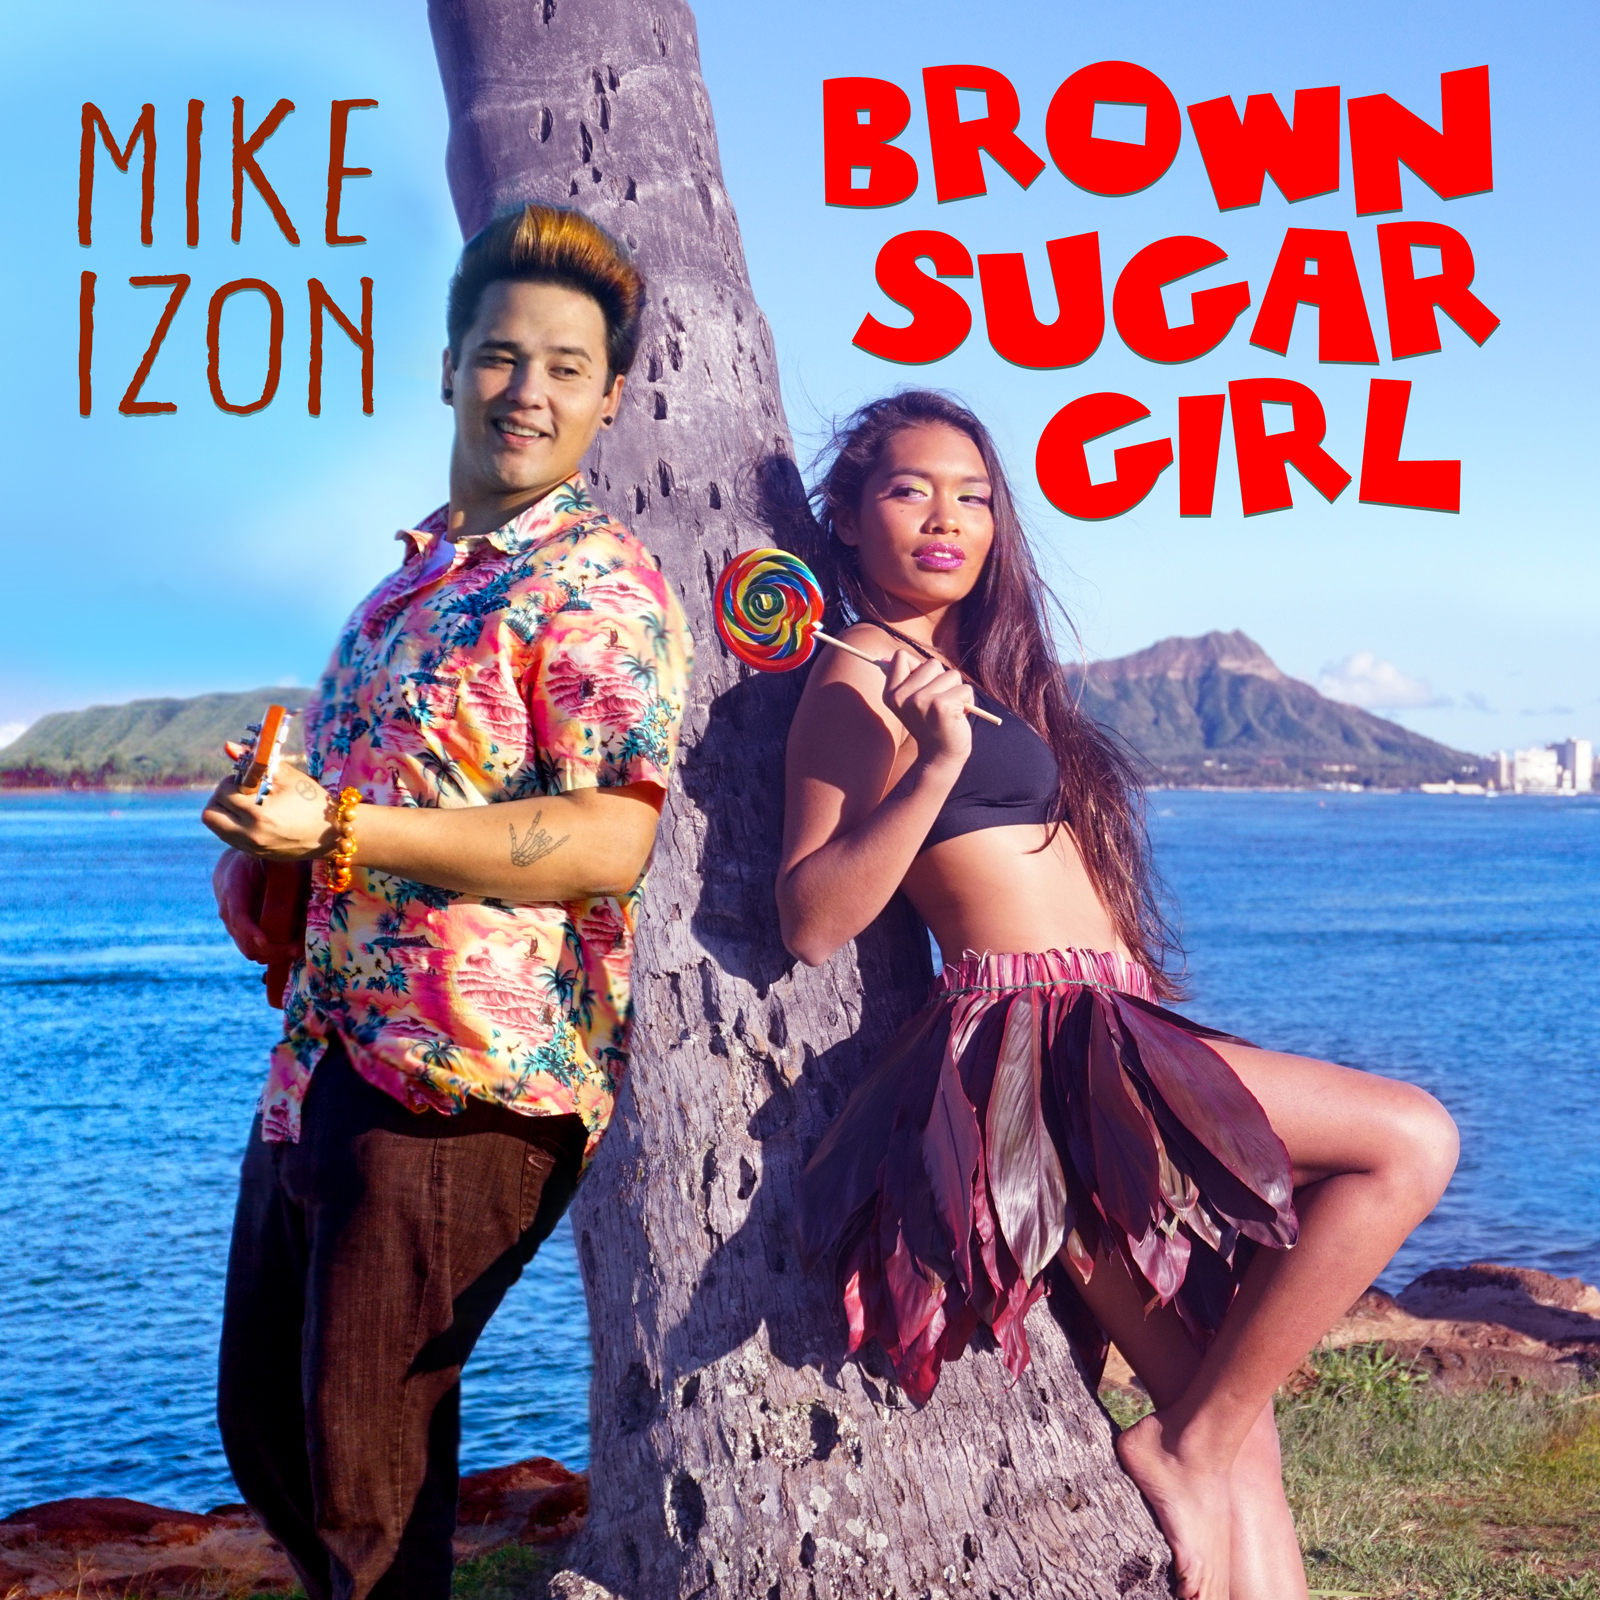 Brown Sugar Girl Release date: May 19, 2019
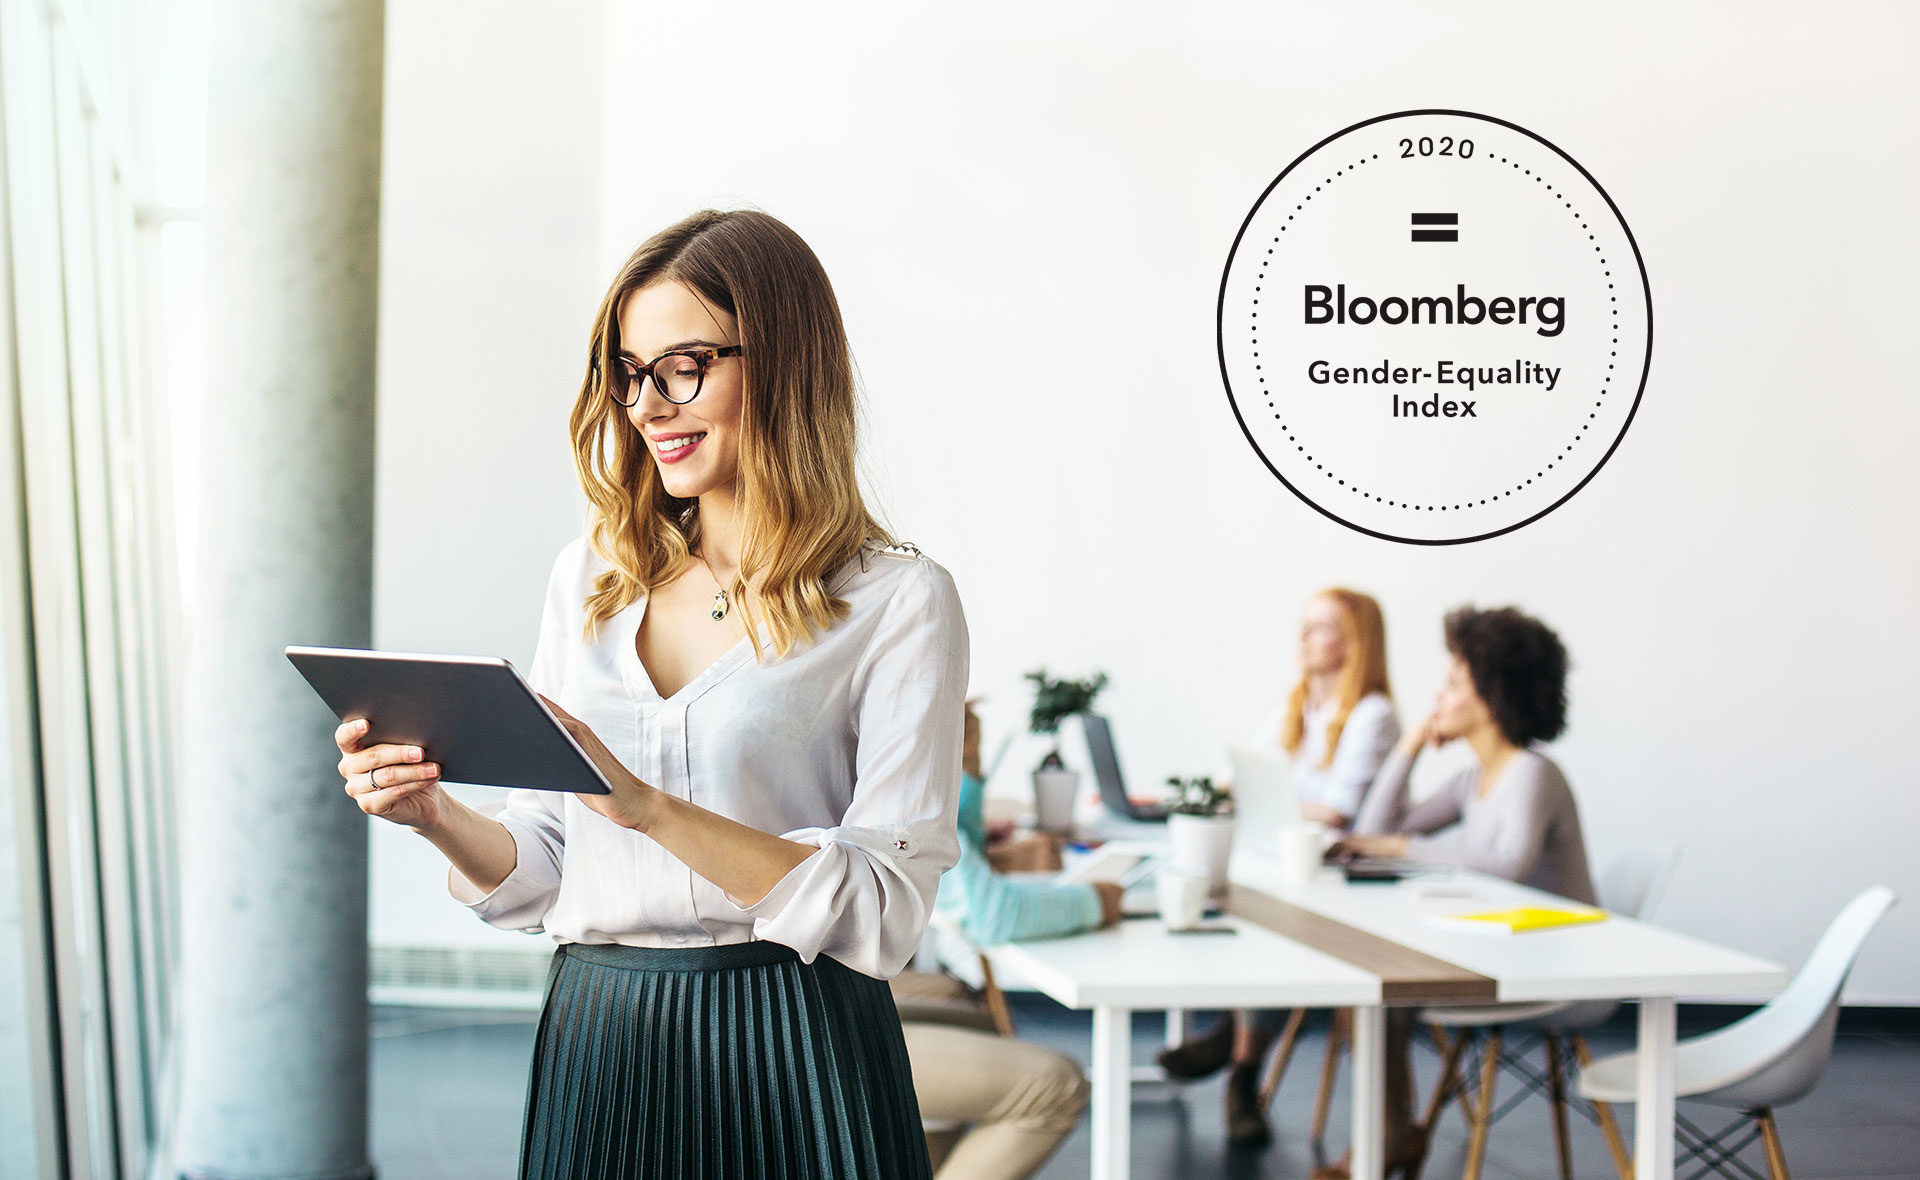 bloomberg-indice-bloomberg-igualdad-woman-mujer-equidad-
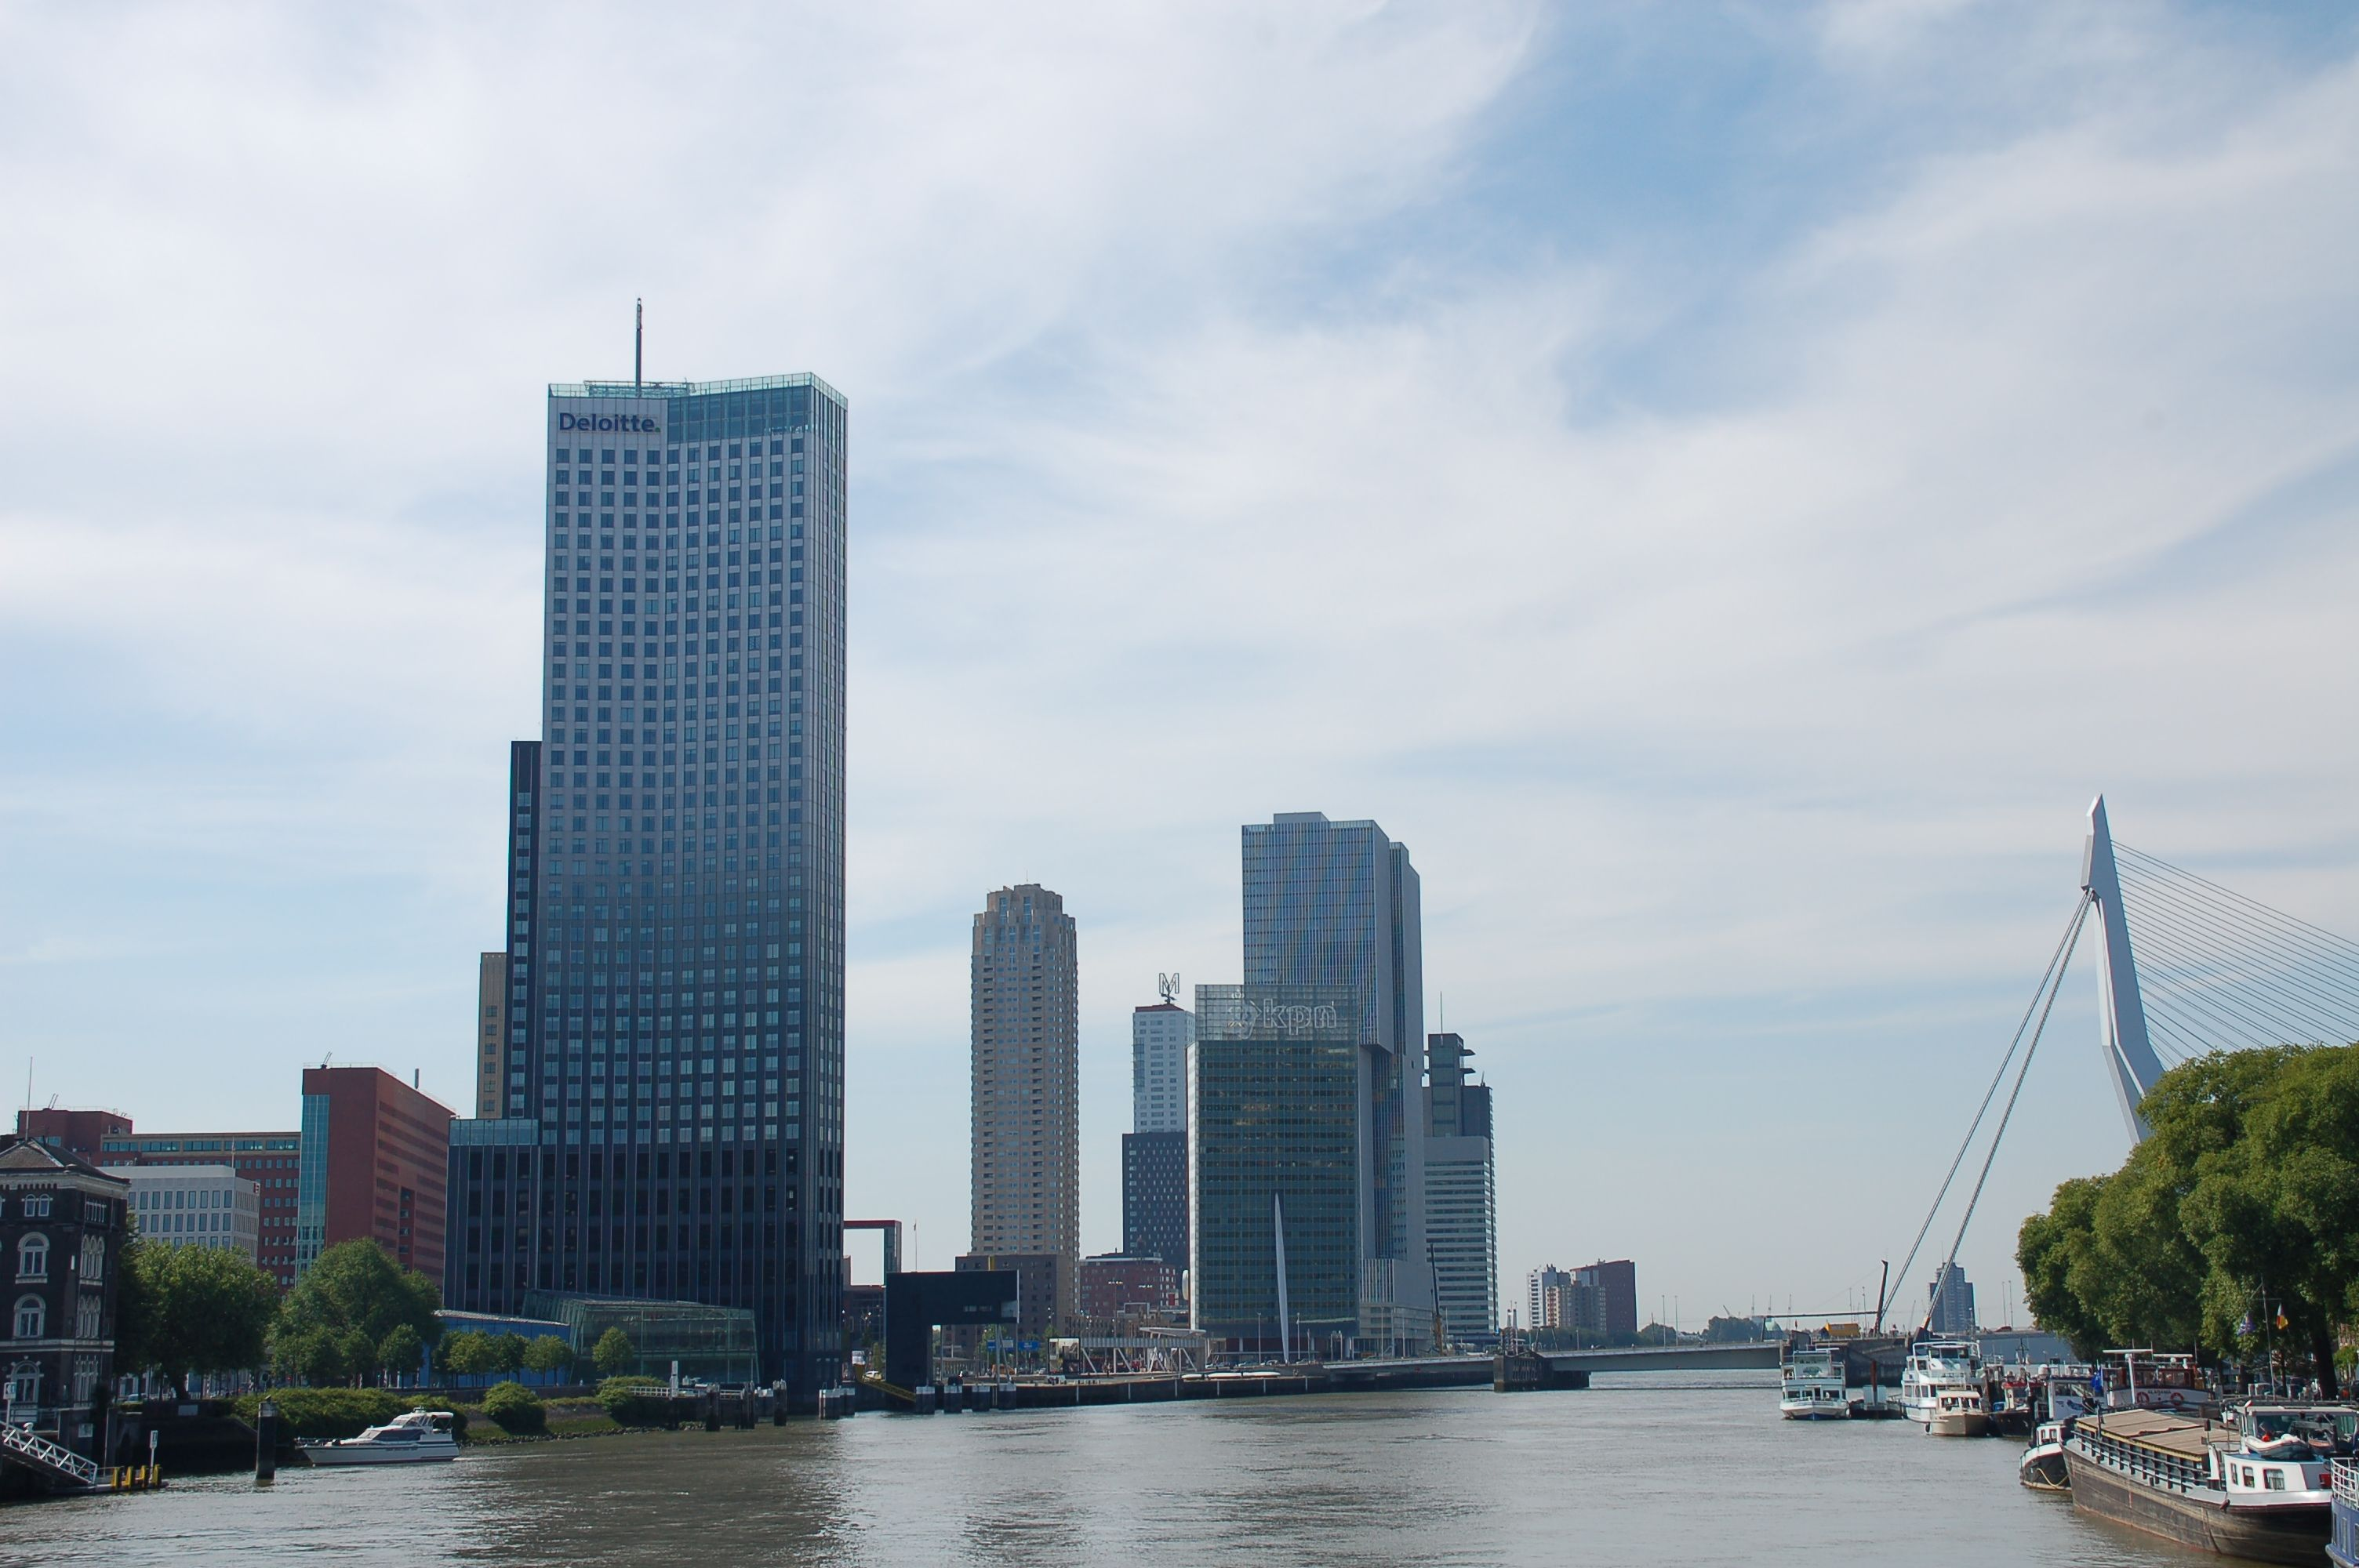 #Rotterdam #Maastoren #Skyline

**What you are asked to do**.
Word for word, restate each line above, minus its pictures.

**Completed task**.
 Brown Sugar Girl Release date: May 19, 2019
 bloomberg-indice-bloomberg-igualdad-woman-mujer-equidad-
 #Rotterdam #Maastoren #Skyline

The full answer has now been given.